◆ DATA FOR PROCESSING ◆
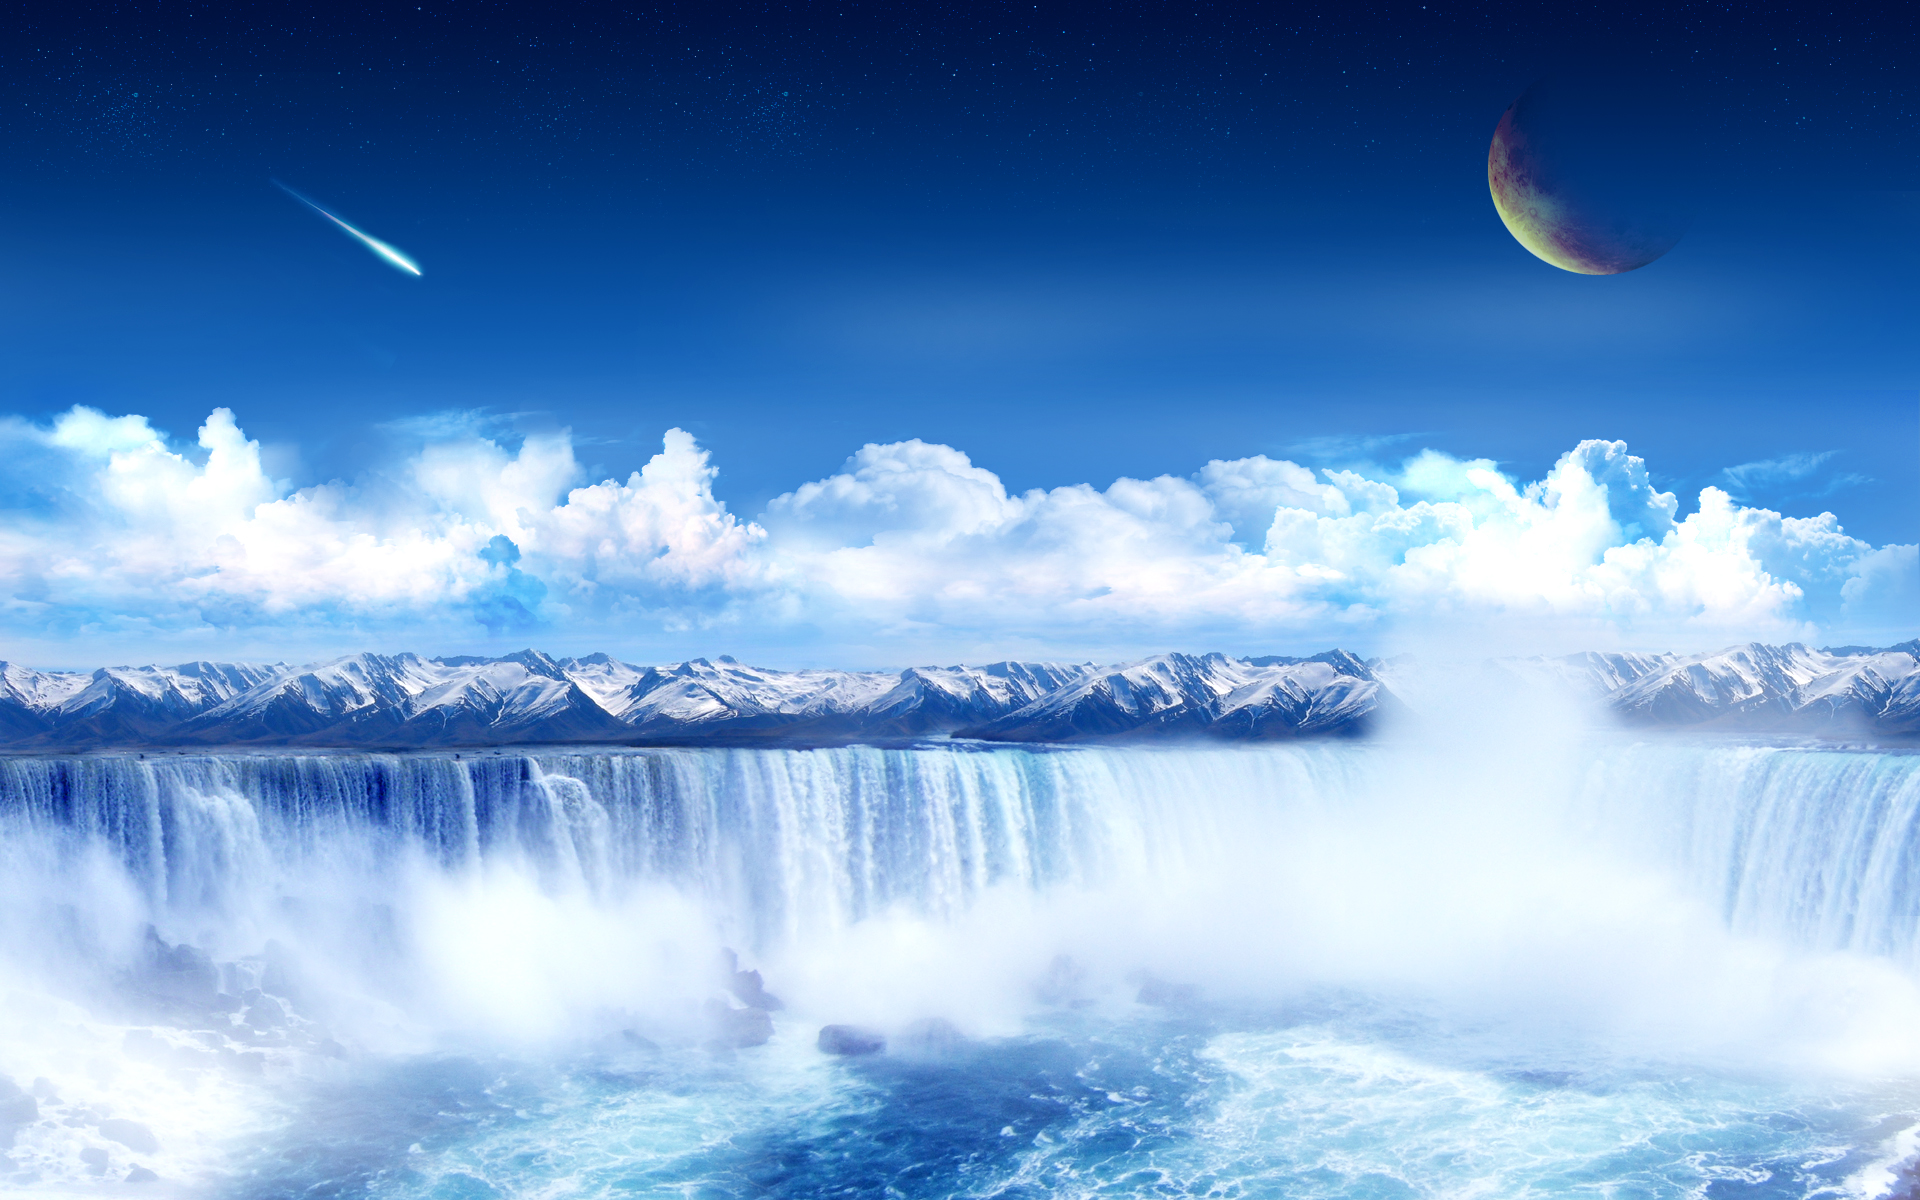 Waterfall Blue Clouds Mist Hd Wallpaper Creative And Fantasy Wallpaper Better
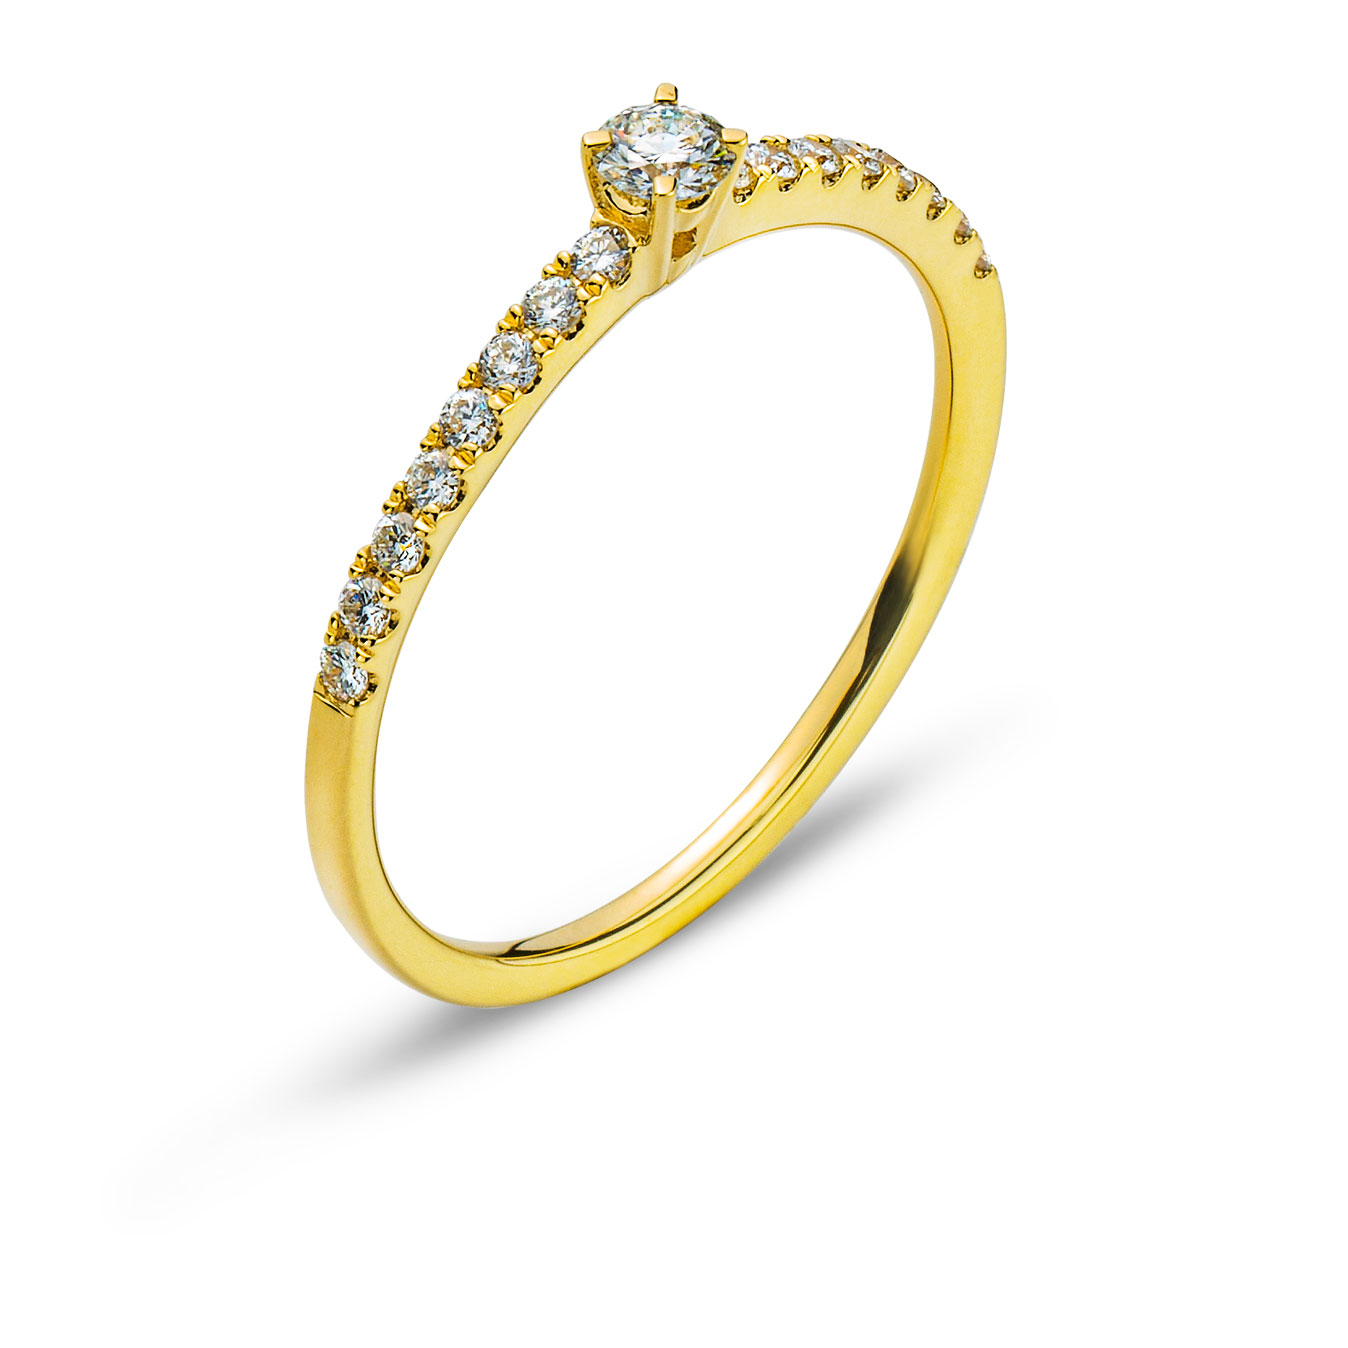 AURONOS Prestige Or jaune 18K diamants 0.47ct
* * *
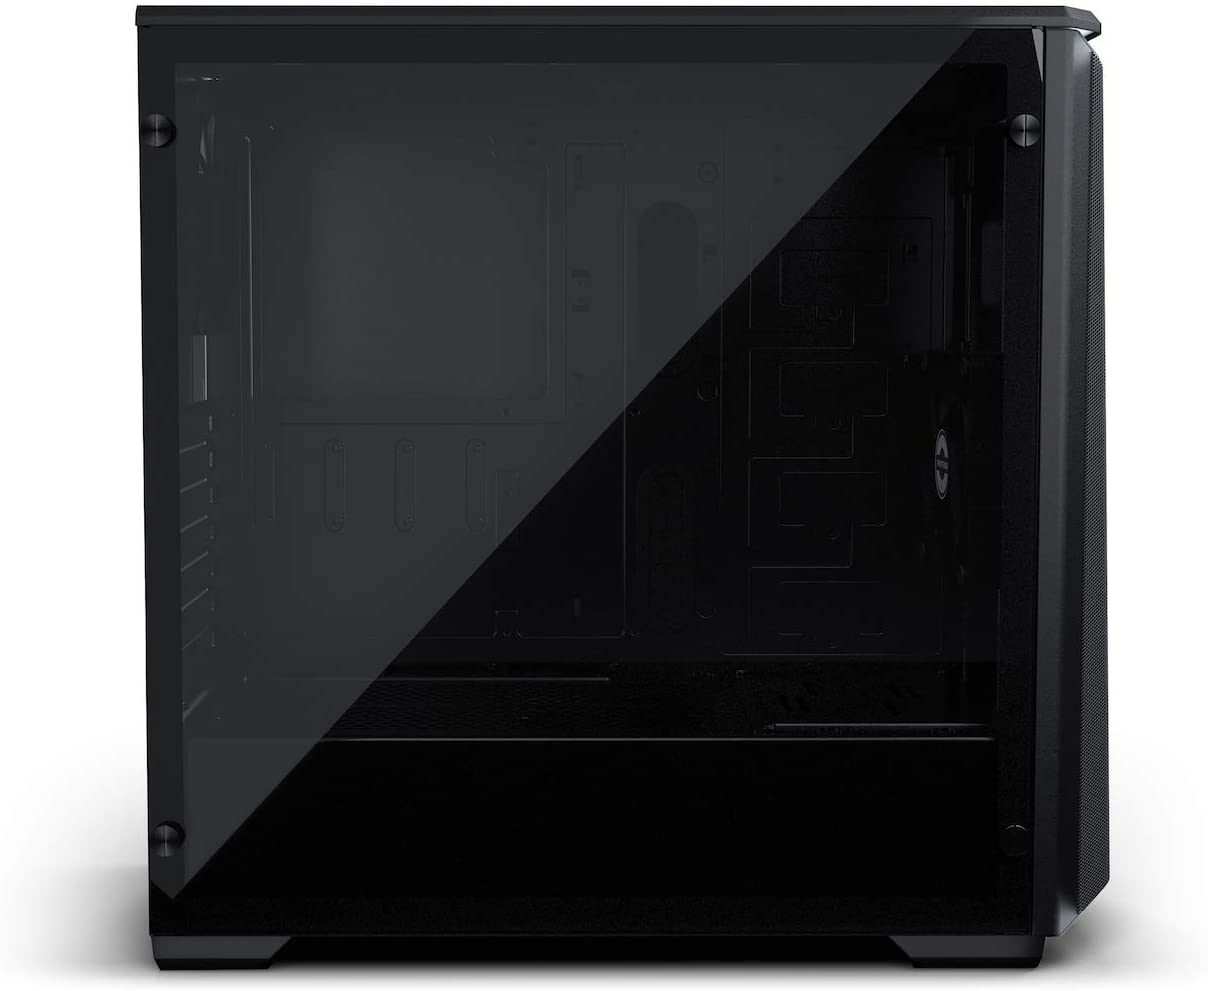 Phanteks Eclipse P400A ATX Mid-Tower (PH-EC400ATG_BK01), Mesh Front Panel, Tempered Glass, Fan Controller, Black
--
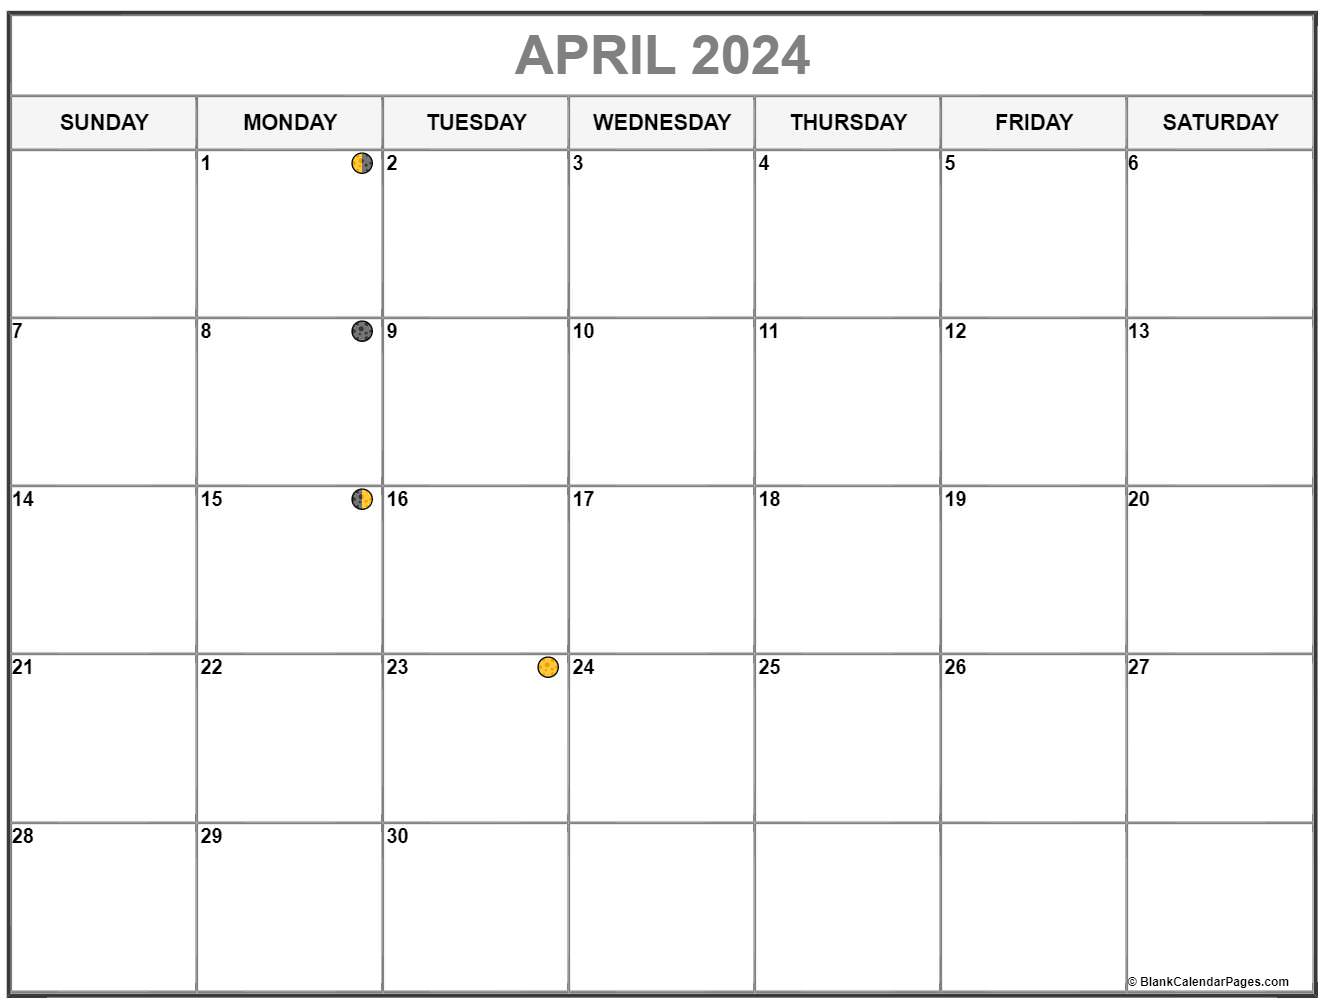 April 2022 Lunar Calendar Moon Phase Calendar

◆ TASK DETAILS ◆
Leaving every picture aside, reproduce exactly the lines above from the one with "Waterfall Blue Clouds" up to and including the one with "AURONOS Prestige Or", and no others.

◆ RESPONSE AREA ◆
 Waterfall Blue Clouds Mist Hd Wallpaper Creative And Fantasy Wallpaper Better
 AURONOS Prestige Or jaune 18K diamants 0.47ct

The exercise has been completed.